Kreiter Clarence D, Wilson Adam B, Humbert Aloysius J, Wade Patricia A
Department of Family Medicine, University of Iowa College of Medicine, Iowa City, IA, USA.
Office of Consultation and Research in Medical Education, University of Iowa College of Medicine, Iowa City, IA, USA;
Med Educ Online. 2016 Feb 23;21:29279. doi: 10.3402/meo.v21.29279. eCollection 2016.
When ratings of student performance within the clerkship consist of a variable number of ratings per clinical teacher (rater), an important measurement question arises regarding how to combine such ratings to accurately summarize performance. As previous G studies have not estimated the independent influence of occasion and rater facets in observational ratings within the clinic, this study was designed to provide estimates of these two sources of error.
During 2 years of an emergency medicine clerkship at a large midwestern university, 592 students were evaluated an average of 15.9 times. Ratings were performed at the end of clinical shifts, and students often received multiple ratings from the same rater. A completely nested G study model (occasion: rater: person) was used to analyze sampled rating data.
The variance component (VC) related to occasion was small relative to the VC associated with rater.

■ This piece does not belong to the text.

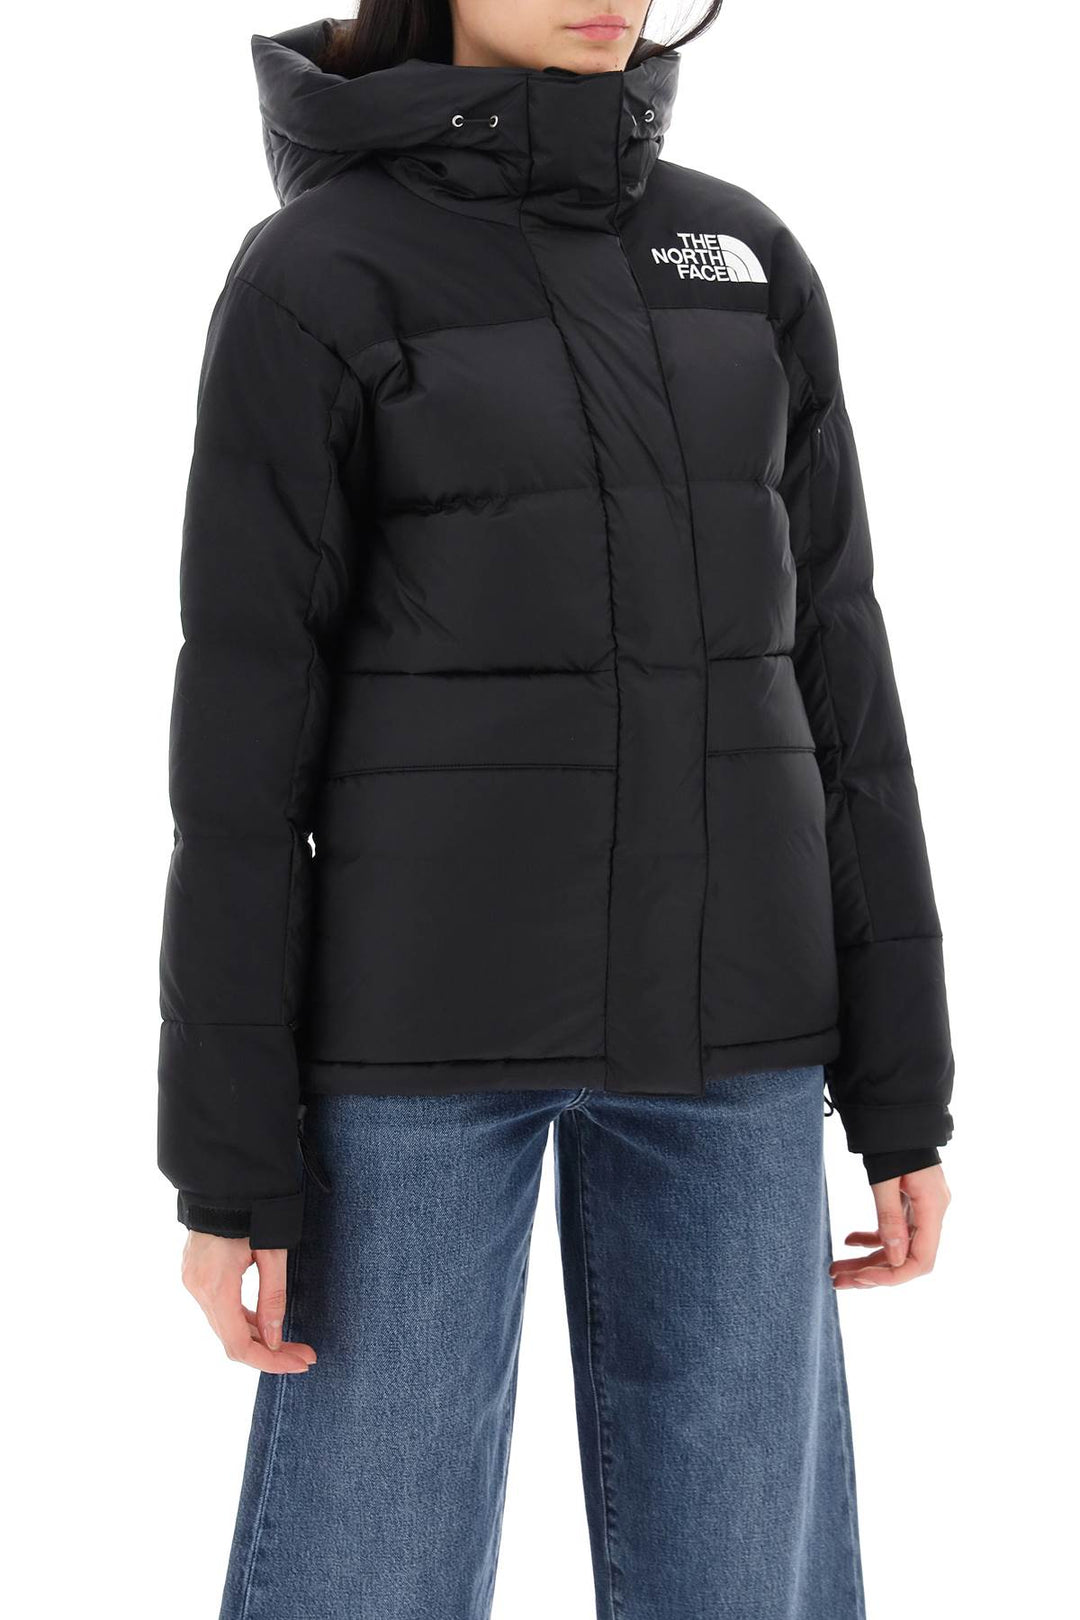 Parka Himalayan In Ripstop - The North Face - Donna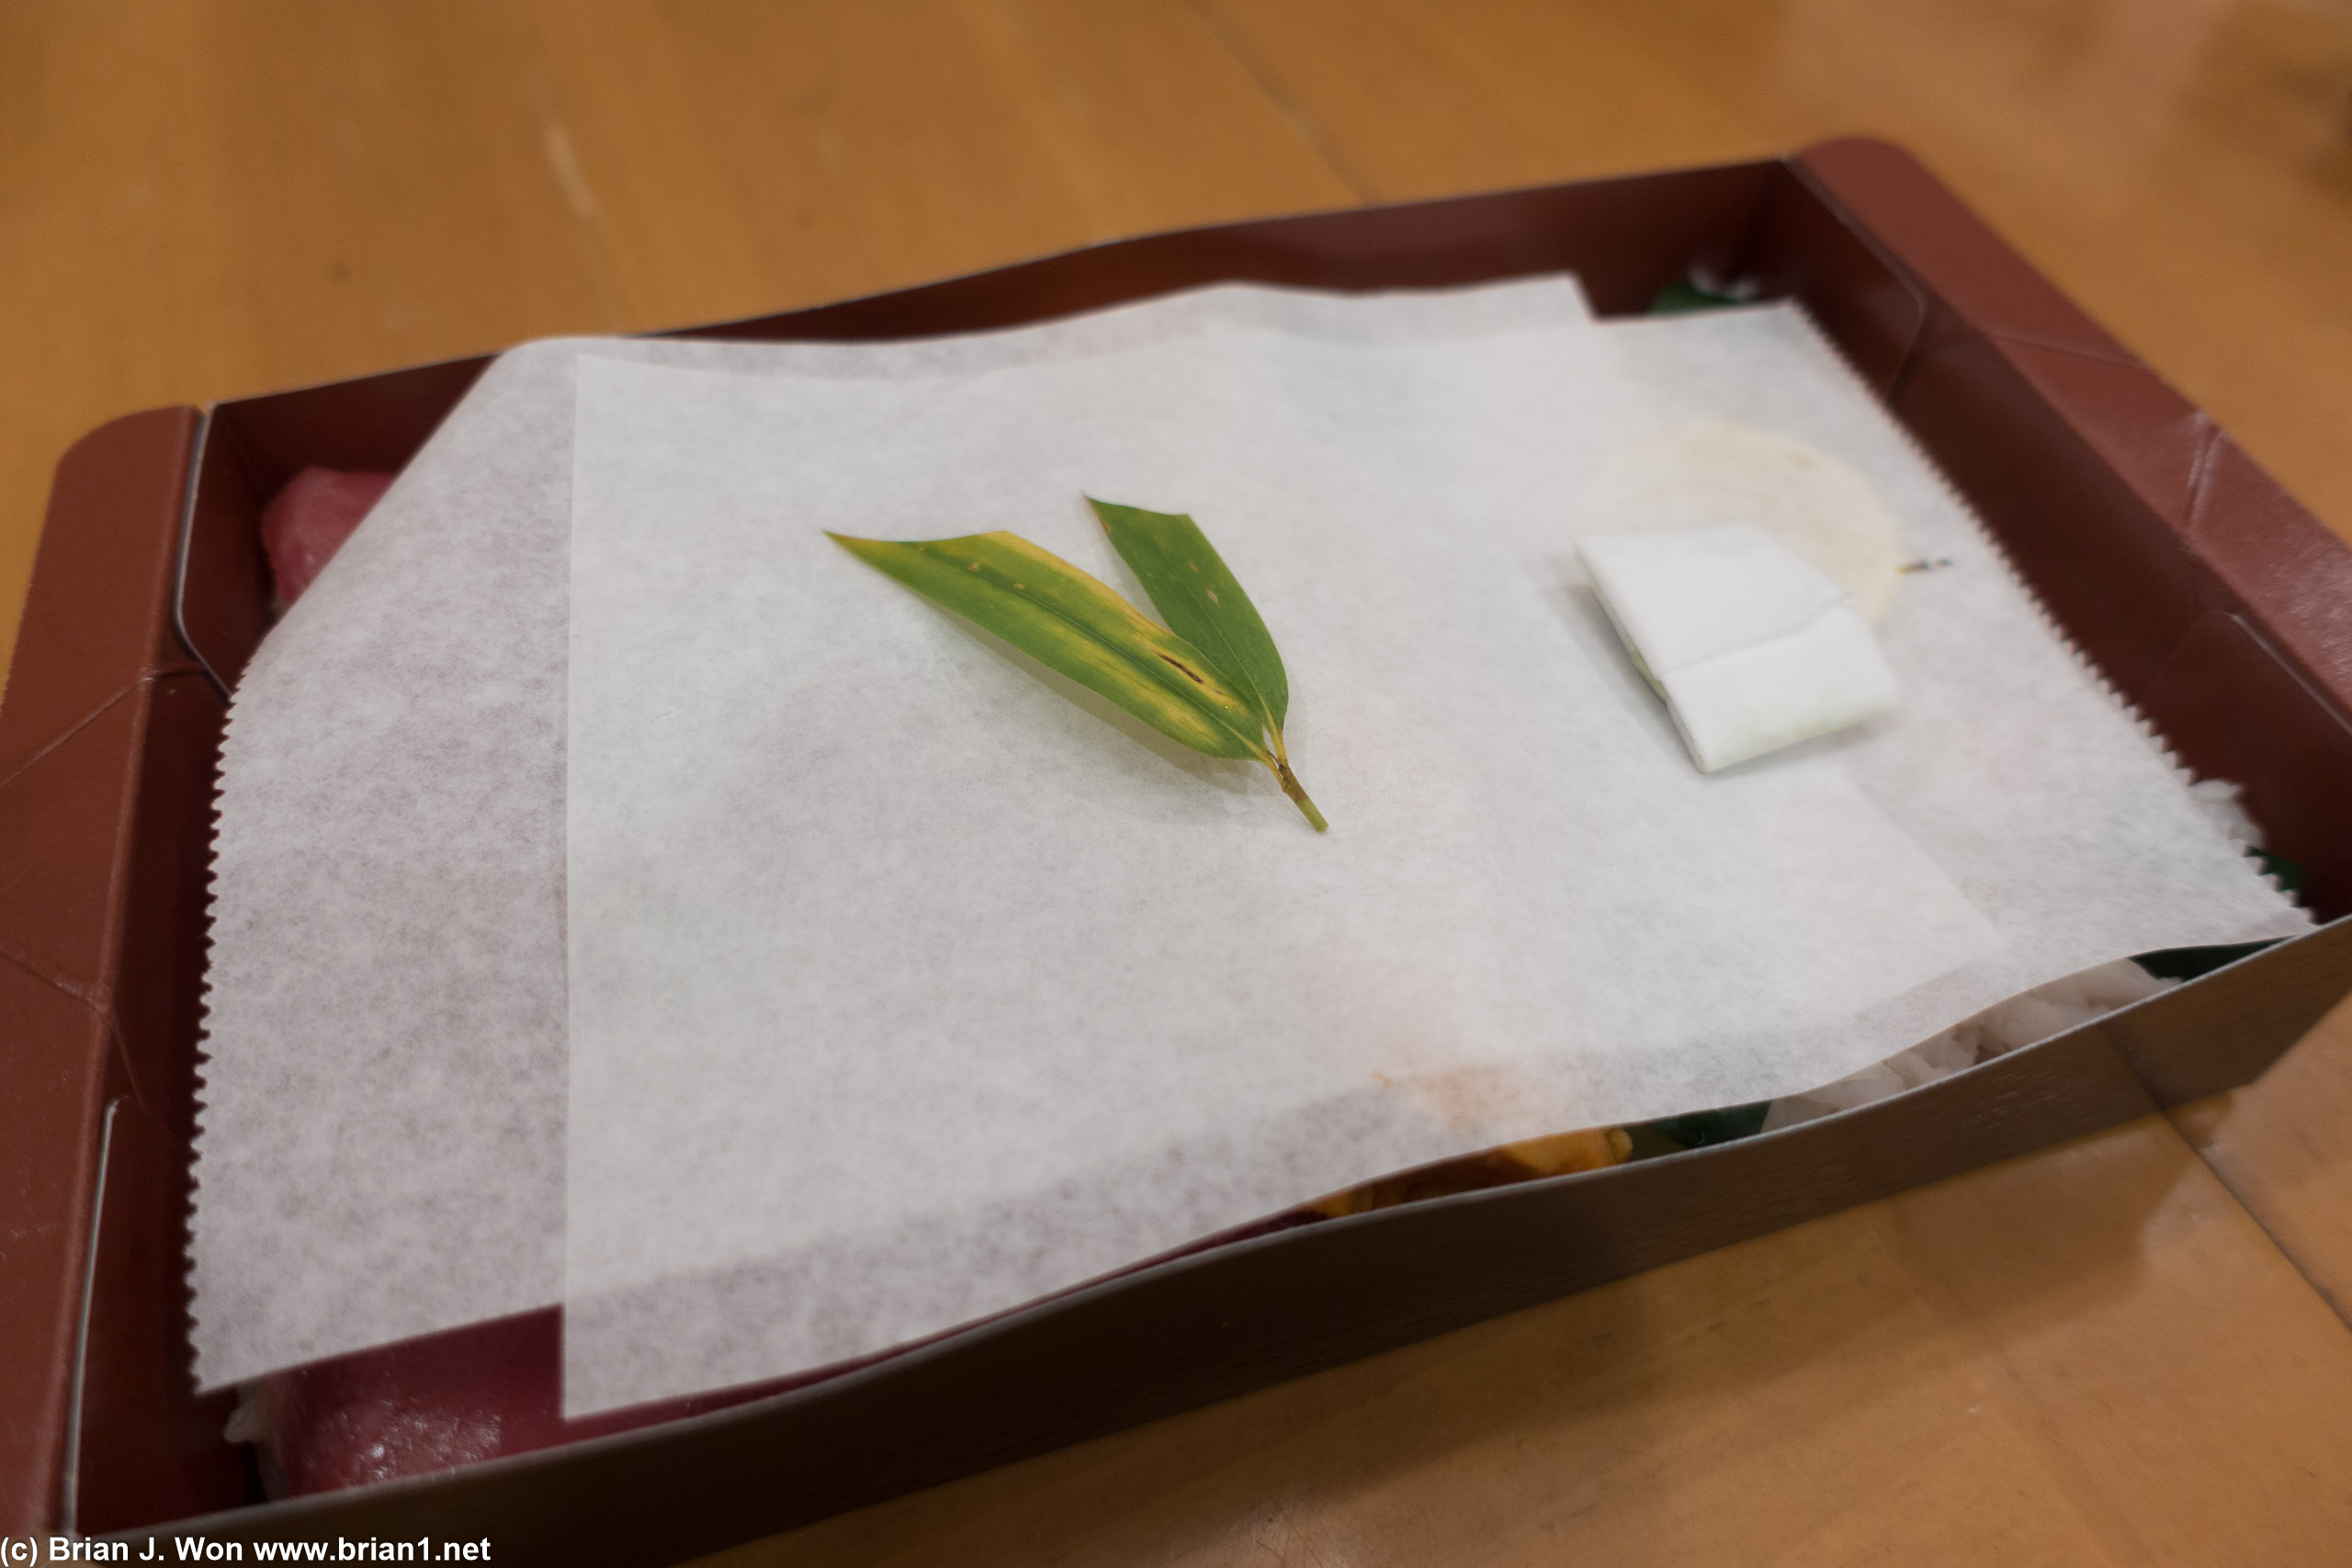 What lies underneath the wax paper and decorative leaf?

The D study clearly demonstrates that having a preceptor rate a student on multiple occasions does not substantially enhance the reliability of a clerkship performance summary score.
Although further research is needed, it is clear that case-specific factors do not explain the low correlation between ratings and that having one or two raters repeatedly rate a student on different occasions/cases is unlikely to yield a reliable mean score. This research suggests that it may be more efficient to have a preceptor rate a student just once. However, when multiple ratings from a single preceptor are available for a student, it is recommended that a mean of the preceptor's ratings be used to calculate the student's overall mean performance score.
当临床实习期间学生表现的评分由每位临床教师(评分者)给出的不同数量的评分组成时,就会出现一个重要的测量问题,即如何合并这些评分以准确总结表现。由于先前的G研究尚未估计临床观察评分中场合和评分者因素的独立影响,本研究旨在提供这两种误差来源的估计值。
在中西部一所大型大学进行的两年急诊医学临床实习期间,对592名学生平均进行了15.9次评估。评分在临床轮班结束时进行,学生经常从同一位评分者那里获得多个评分。使用完全嵌套的G研究模型(场合:评分者:个体)来分析抽样的评分数据。
与场合相关的方差分量(VC)相对于与评分者相关的VC较小。D研究清楚地表明,让带教老师多次对学生进行评分并不能显著提高临床实习表现总结分数的可靠性。
尽管需要进一步研究,但很明显,具体病例因素并不能解释评分之间的低相关性,并且让一两名评分者在不同场合/病例下反复对学生进行评分不太可能产生可靠的平均分。这项研究表明,让带教老师只对学生进行一次评分可能更有效。然而,当学生有来自同一位带教老师的多个评分时,建议使用带教老师评分的平均值来计算学生的总体平均表现分数。